──────── GIVEN MATERIAL ────────

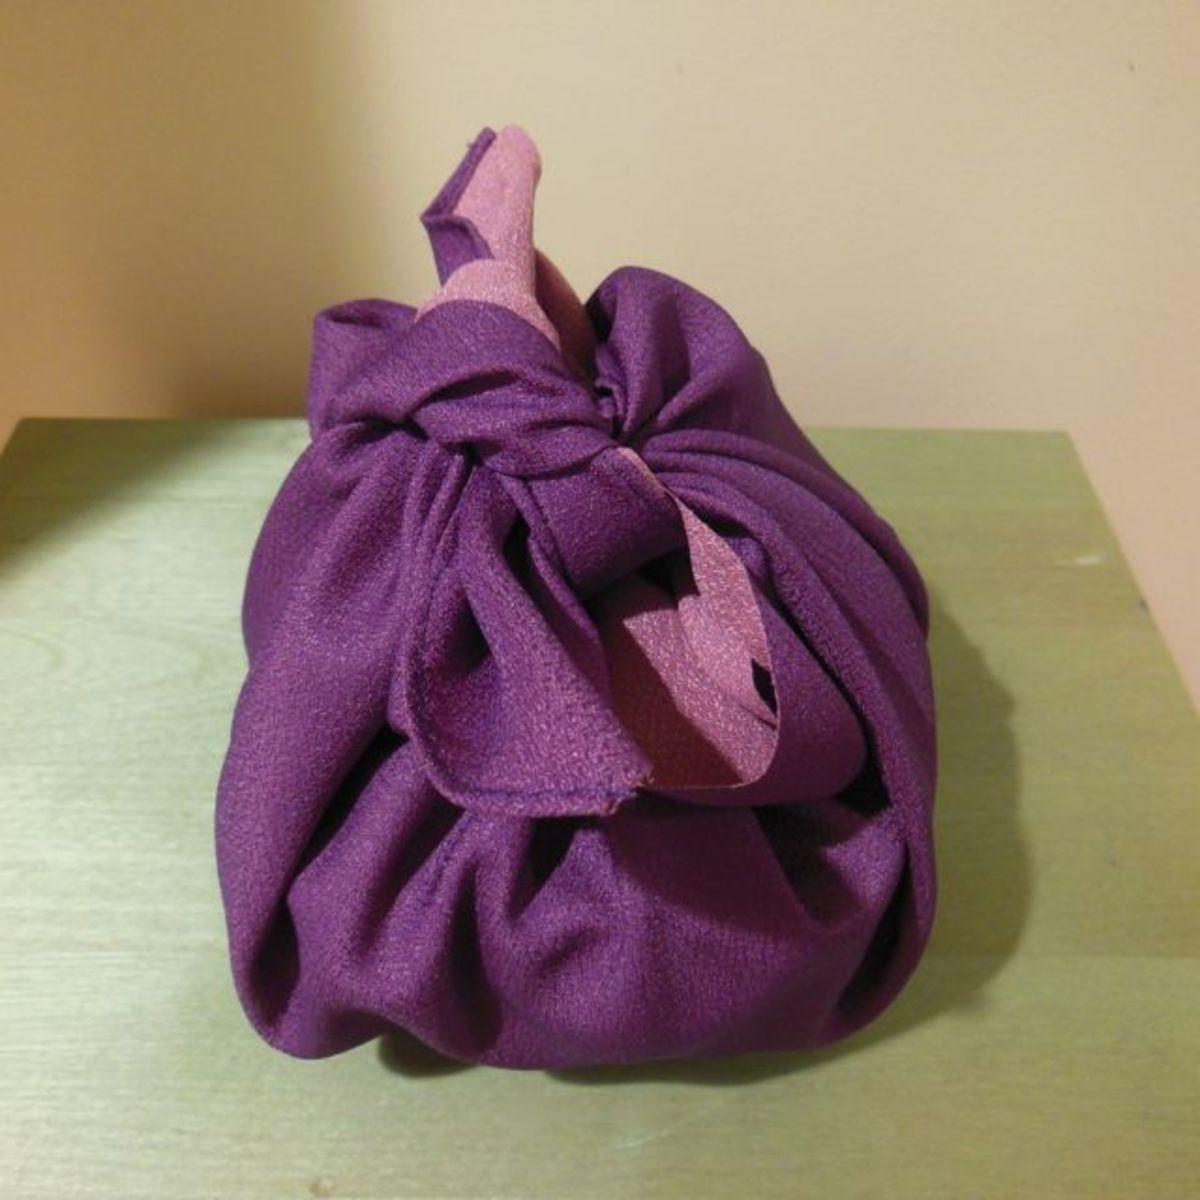 Japanese Gift-Wrapping and Furoshiki
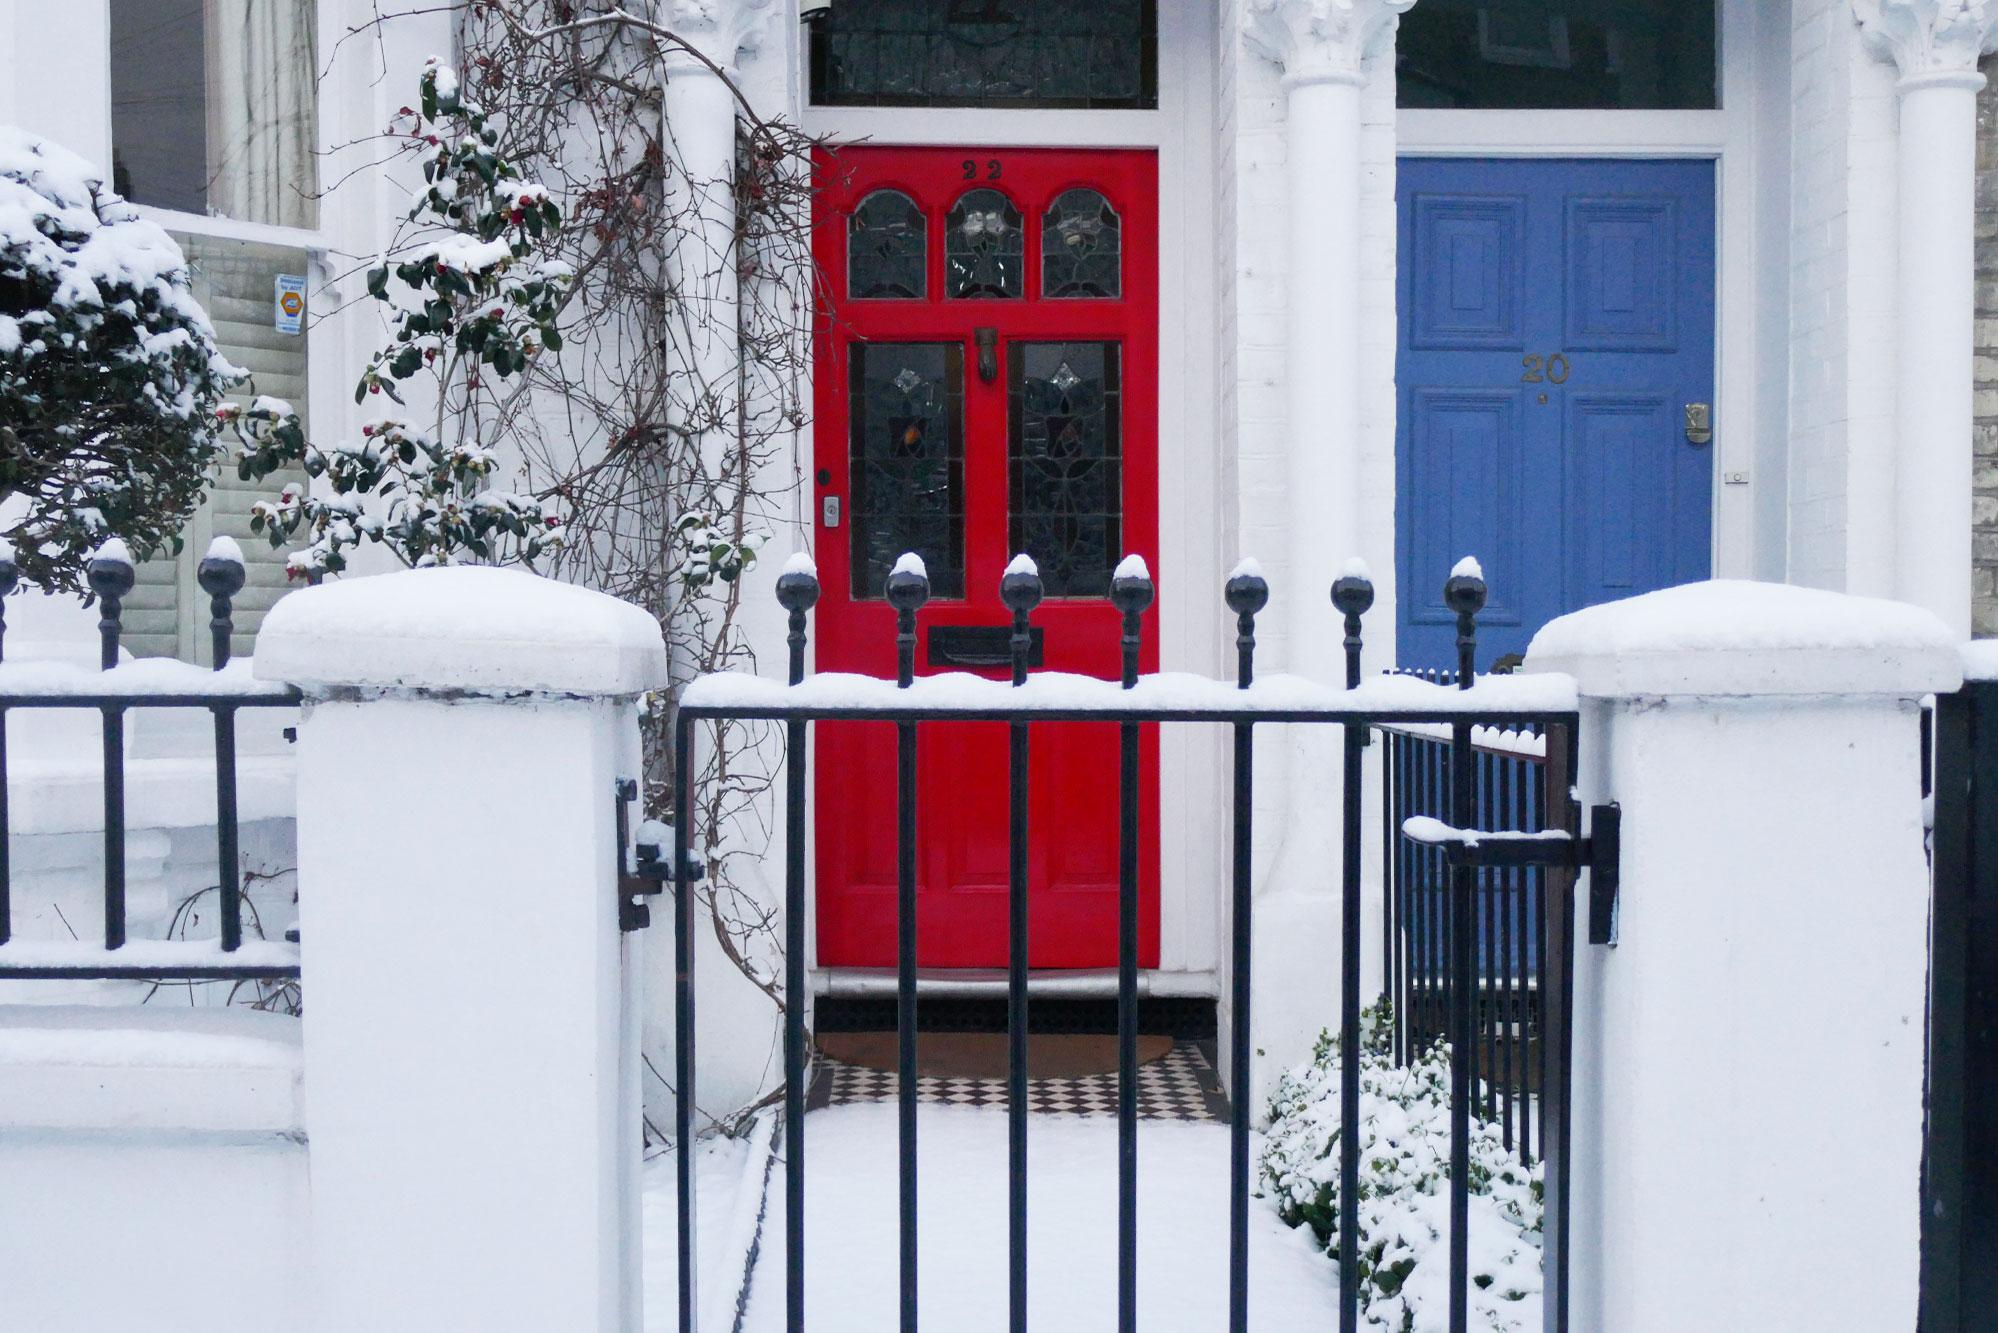 Hooray_Snow_Doors.jpg
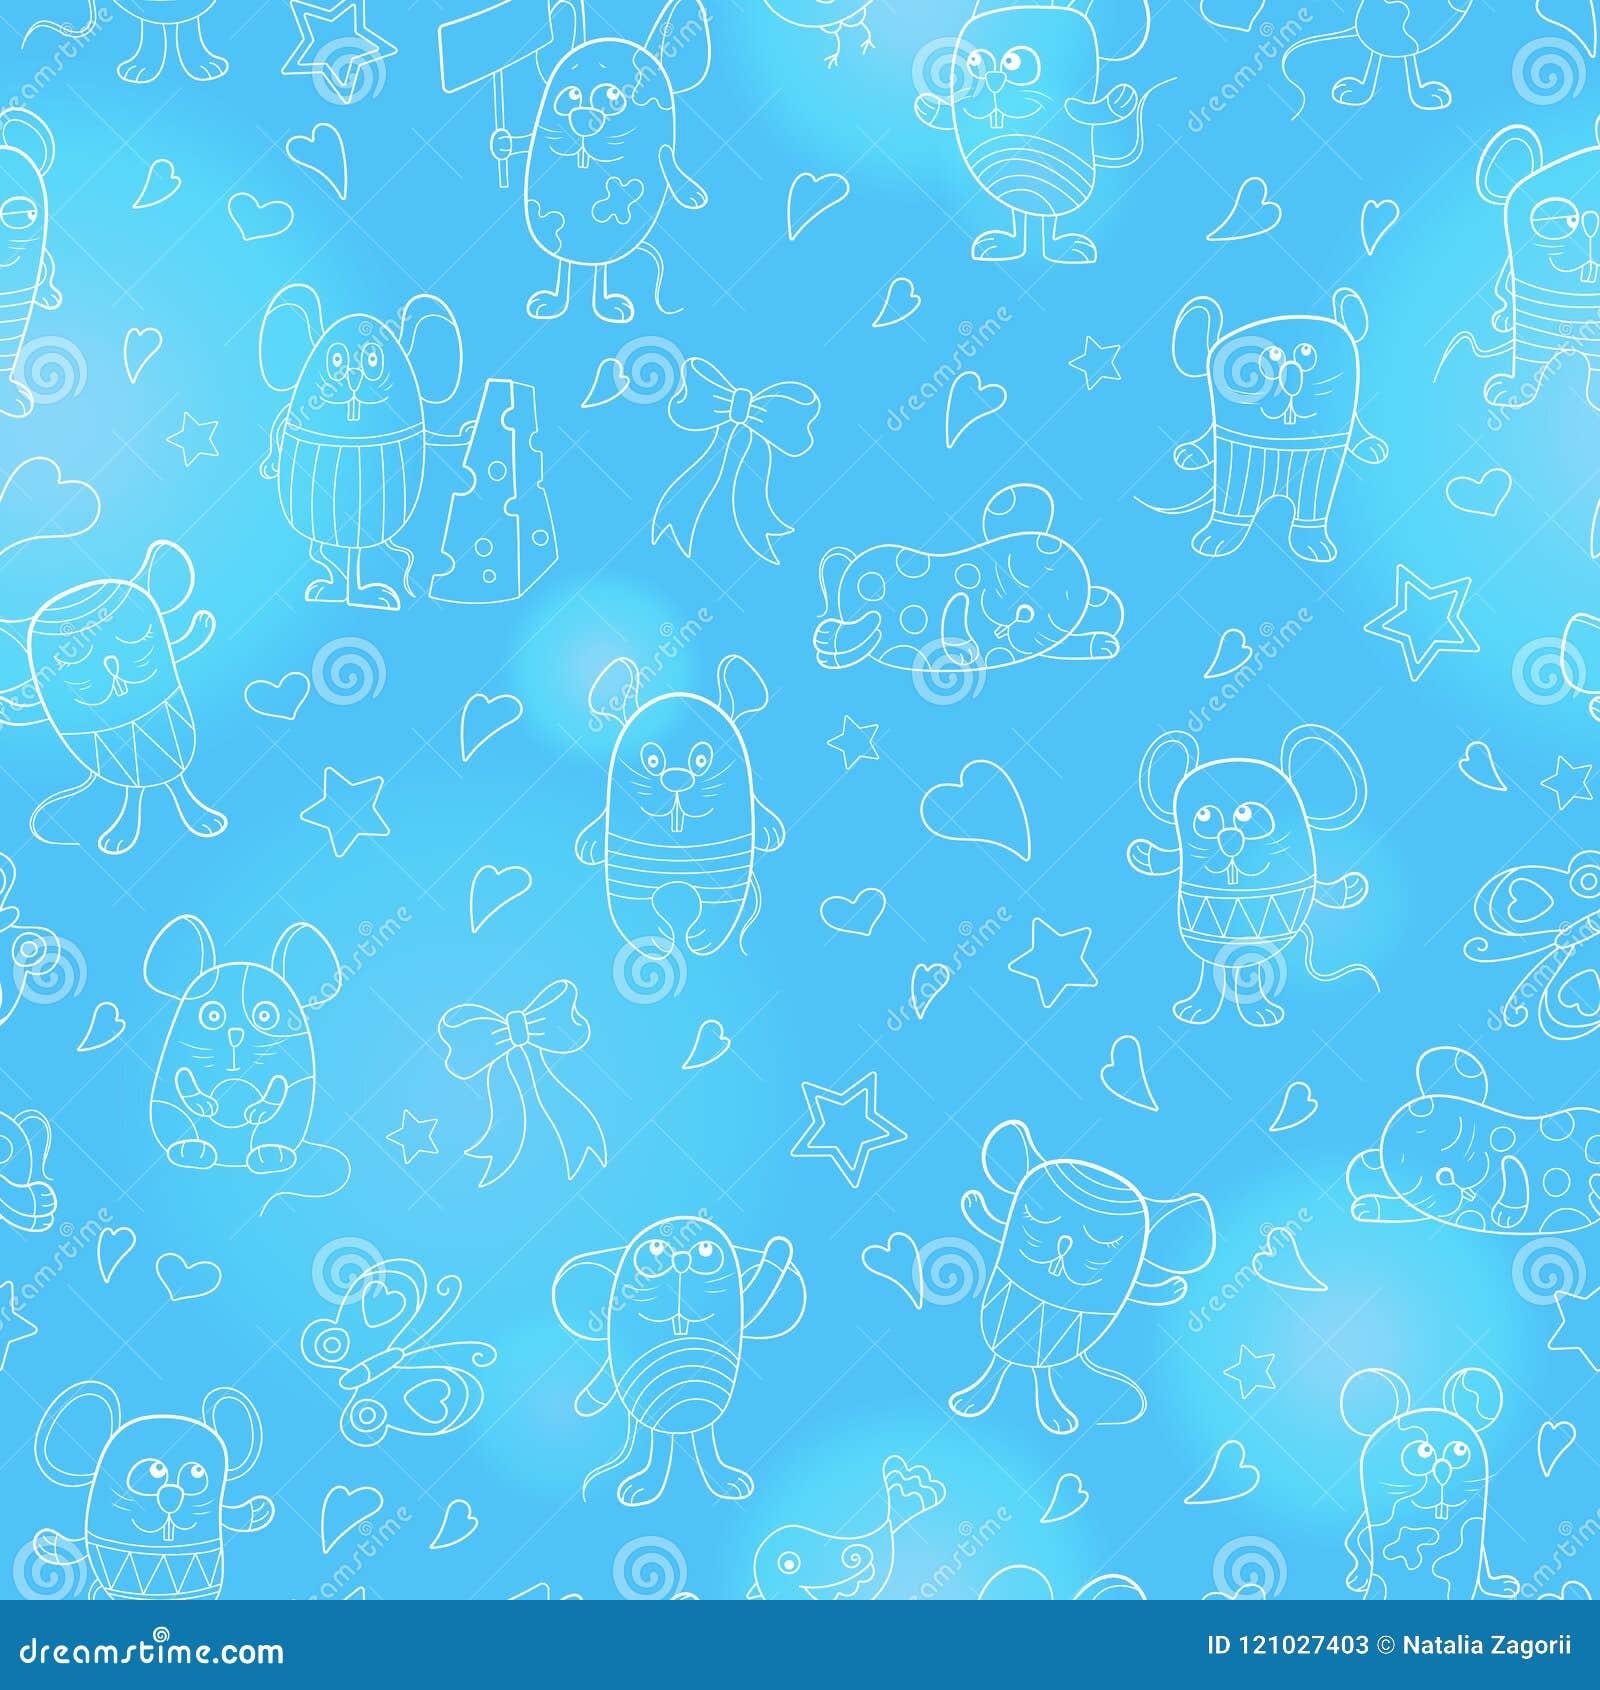 Ilustração sem emenda com mouses engraçados do contorno dos desenhos animados, o esboço branco em um fundo azul
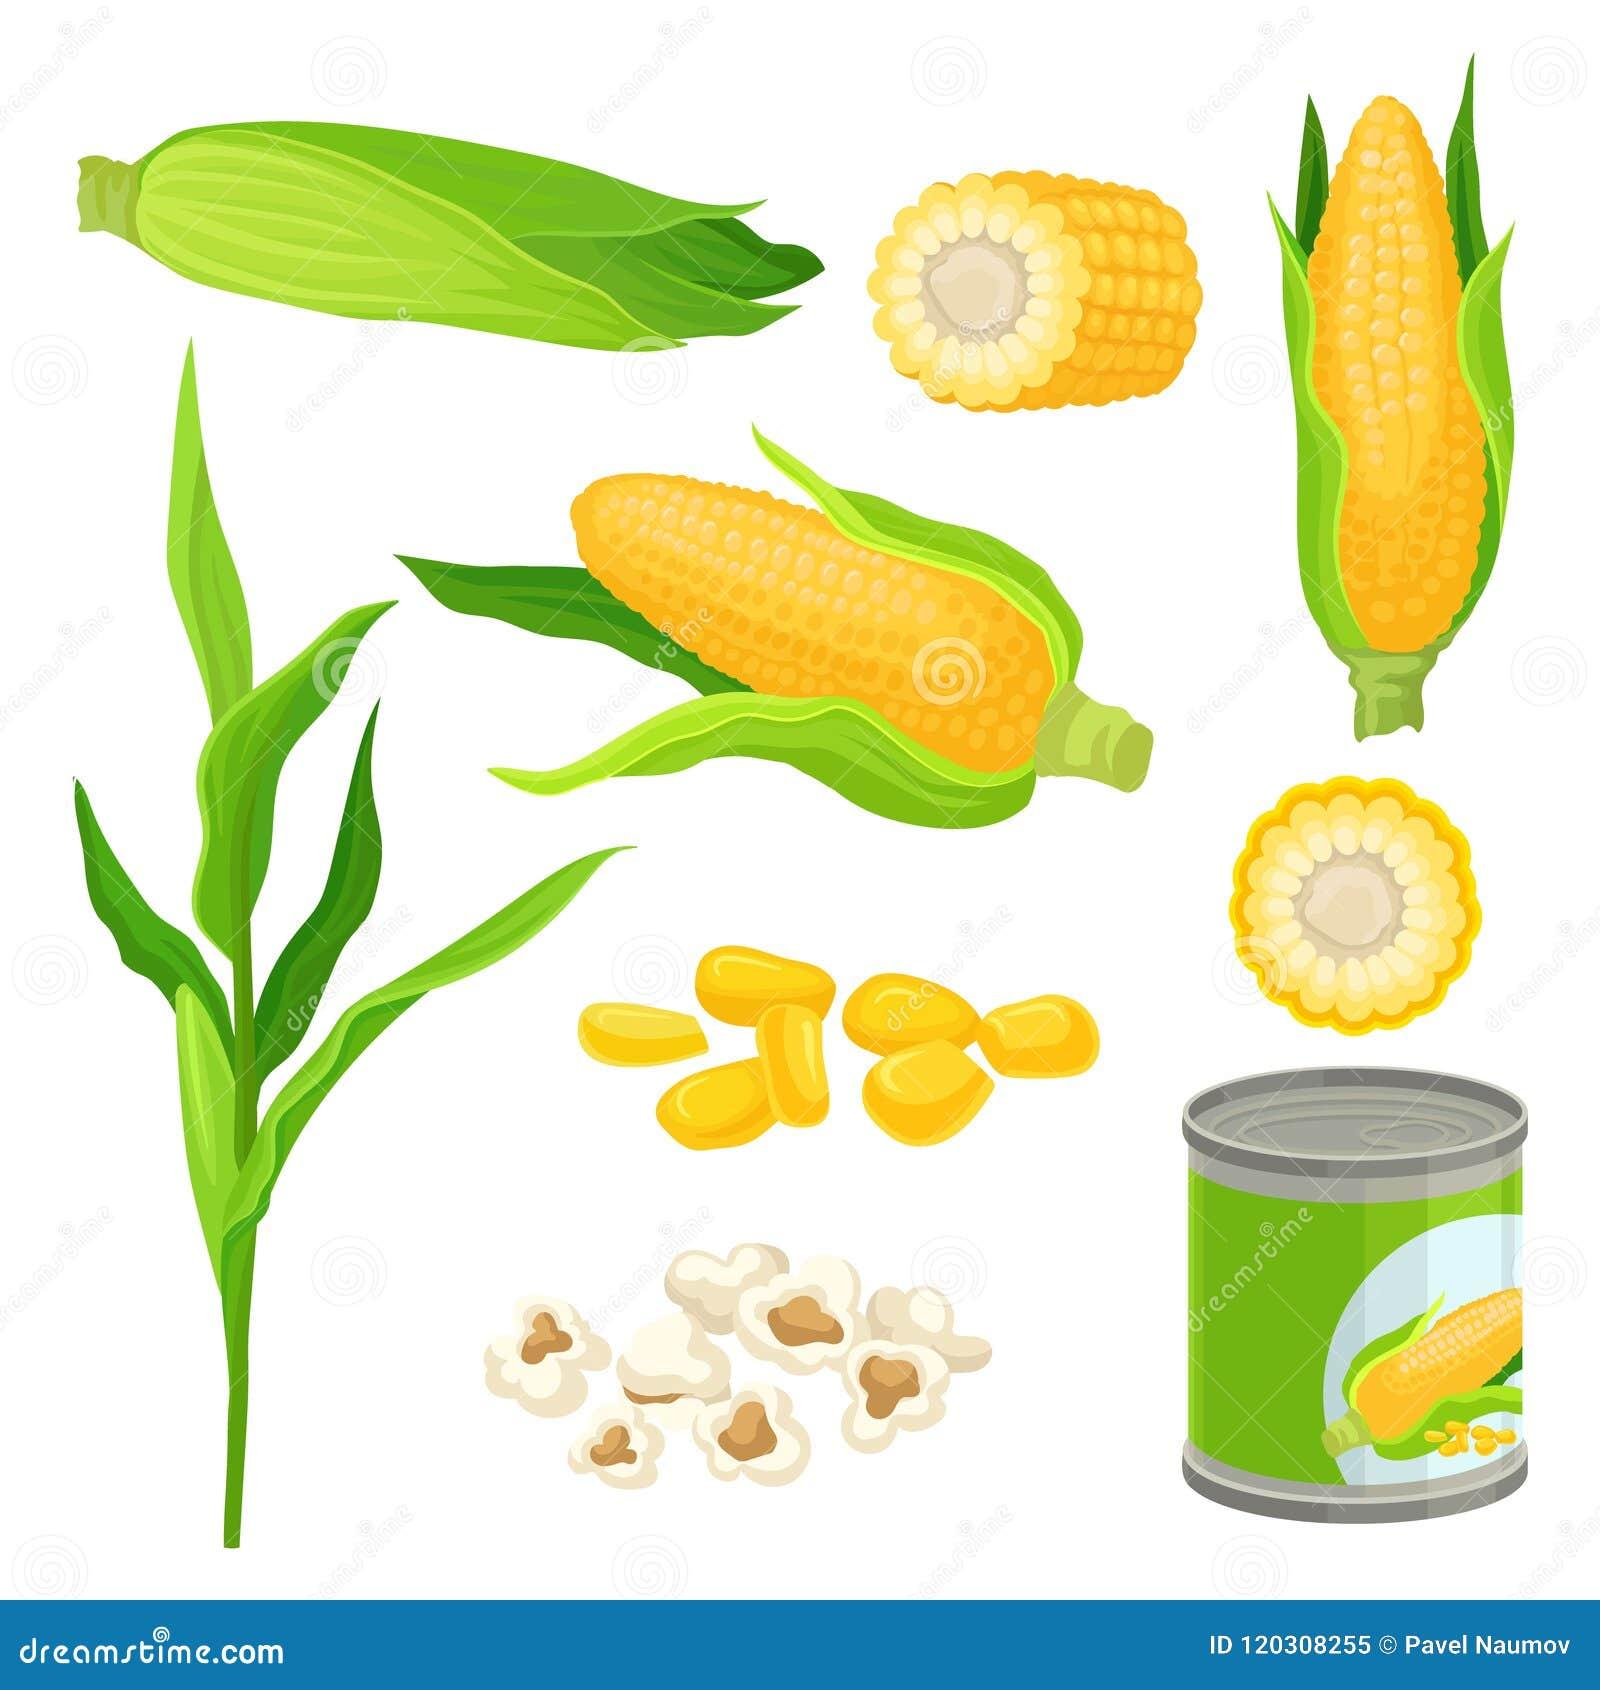 Słodkiej kukurudzy set, świezi kaczany, popkorn, konserwował kukurydzane wektorowe ilustracje na białym tle

────────

WORK REQUEST. Which lines run from the one containing "Ilustração sem emenda" to the end of the data above? Set down those lines exactly, and only those, without any pictures.

ANSWER FOR THIS EXERCISE.
 Ilustração sem emenda com mouses engraçados do contorno dos desenhos animados, o esboço branco em um fundo azul
 Słodkiej kukurudzy set, świezi kaczany, popkorn, konserwował kukurydzane wektorowe ilustracje na białym tle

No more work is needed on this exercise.